Paper detail

Spinel Cu-Mn-Cr Oxide Nanoparticle-Pigmented Solar Selective Coatings Maintaining >94% Efficiency at 750 degrees C

High-temperature concentrating solar power (CSP) system is capable of harvesting and storing solar energy as heat towards cost-effective dispatchable solar electricity. Solar selective coating is a critical component to boost its efficiency by maximizing solar absorptance and minimizing thermal emittance losses. However, maintaining a high solar-thermal conversion efficiency >90% for long-term operation at >750 degrees C remains a significant challenge.

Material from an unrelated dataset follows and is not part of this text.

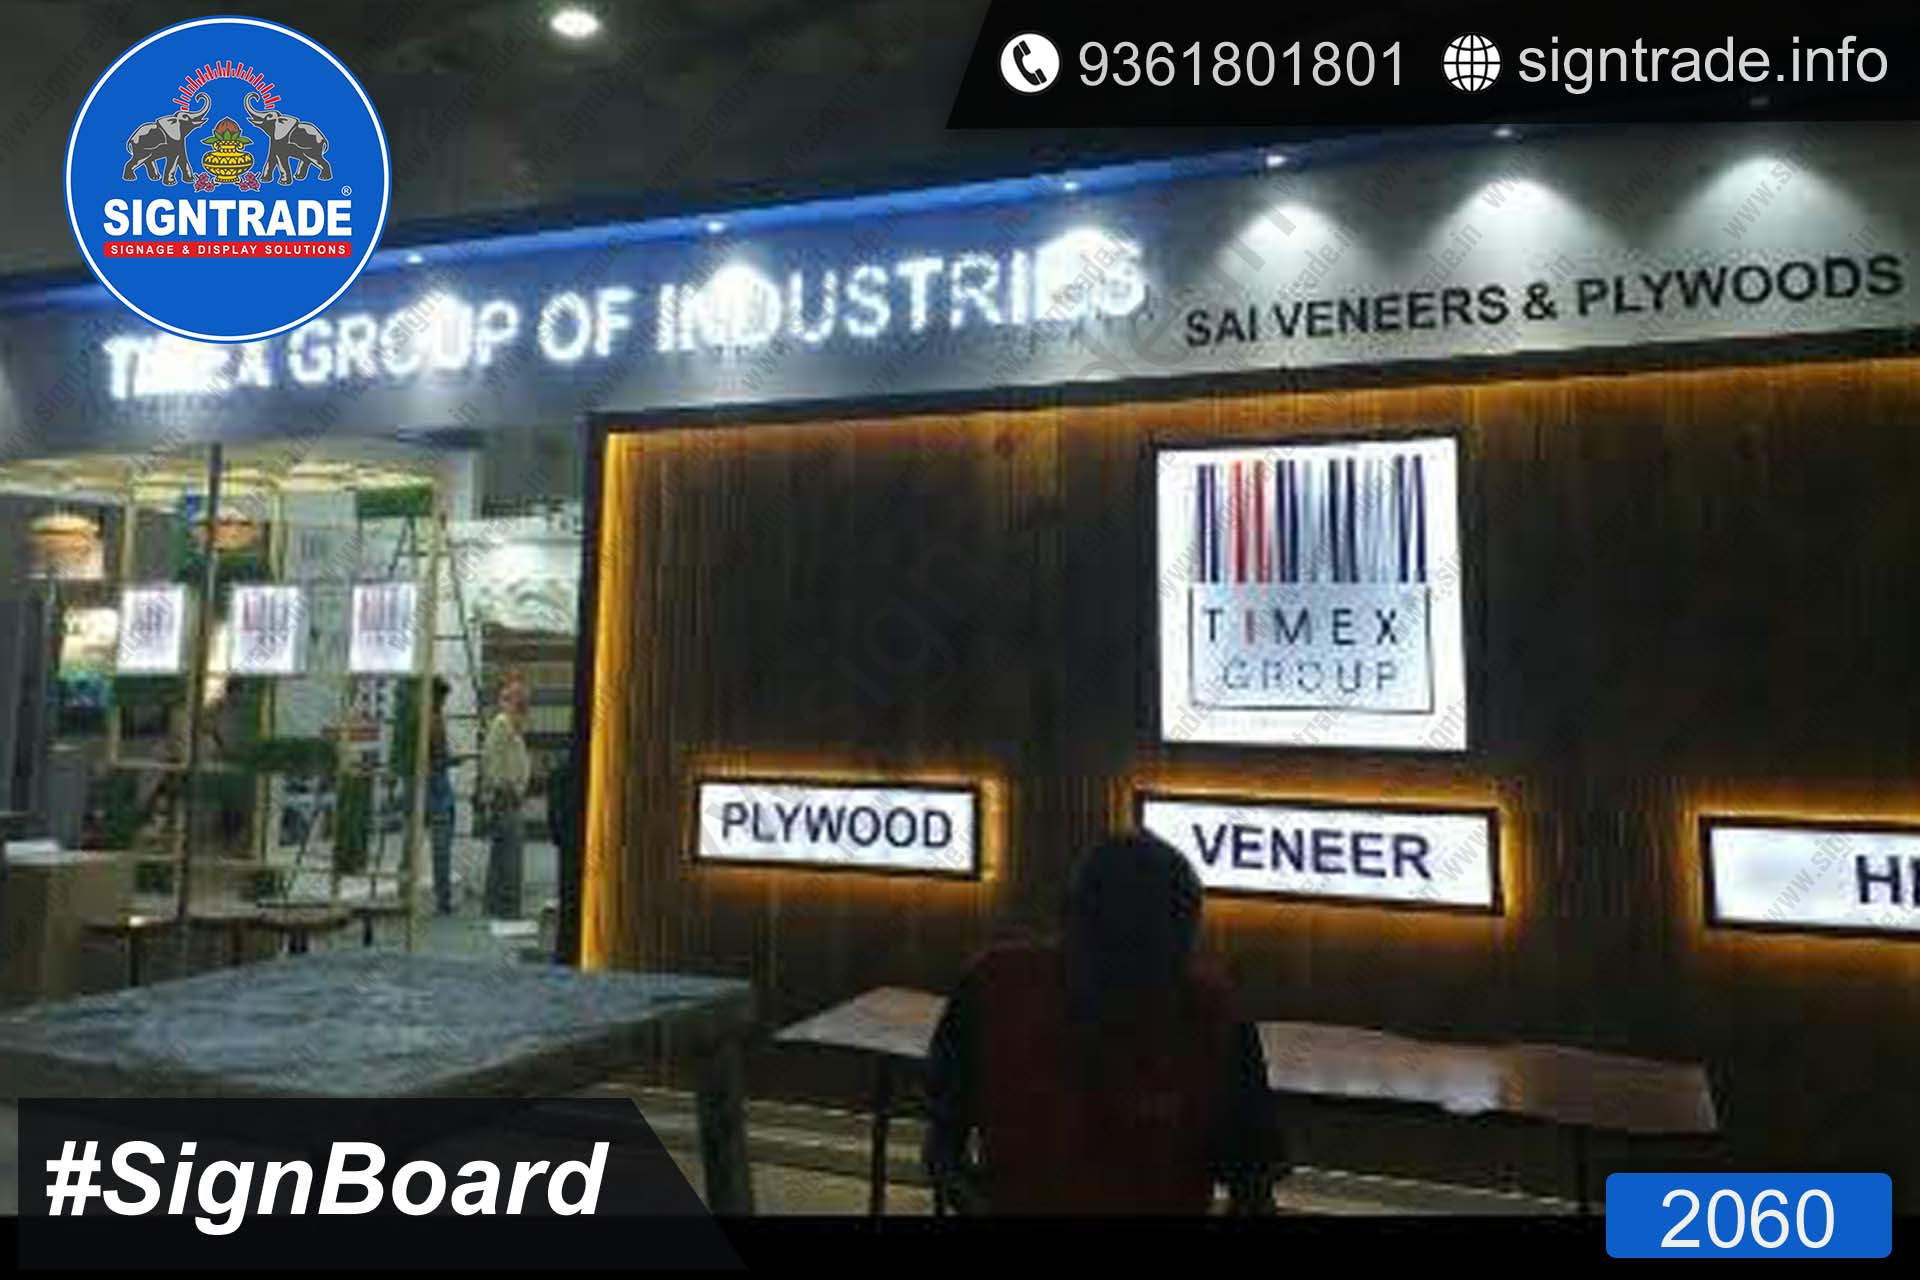 Sai Veneers and Plywoods Signboard

Herein, we report spray-coated spinel Cu-Mn-Cr oxide nanoparticle-pigmented solar selective coatings on Inconel tube sections maintaining >94% efficiency at 750 degrees C and >92.5% at 800 degrees C under 1000x solar concentration after 60 simulated day-night thermal cycles in air, each cycle comprising 12h at 750 degrees C/800 degrees C and 12h cooling to 25 degrees C. The solar spectral selectivity is intrinsic to the band-to-band and d-d transitions of non-stoichiometric spinel Cu-Mn-Cr oxide nanoparticles by balancing the lattice site inversion of Cu2+ and Mn3+ on tetrahedral vs. octahedral sites. This feature offers a large fabrication tolerance in nanoparticle volume fraction and coating thickness, facilitating low-cost and scalable spray-coated high-efficiency solar selective absorbers for high-temperature CSP systems.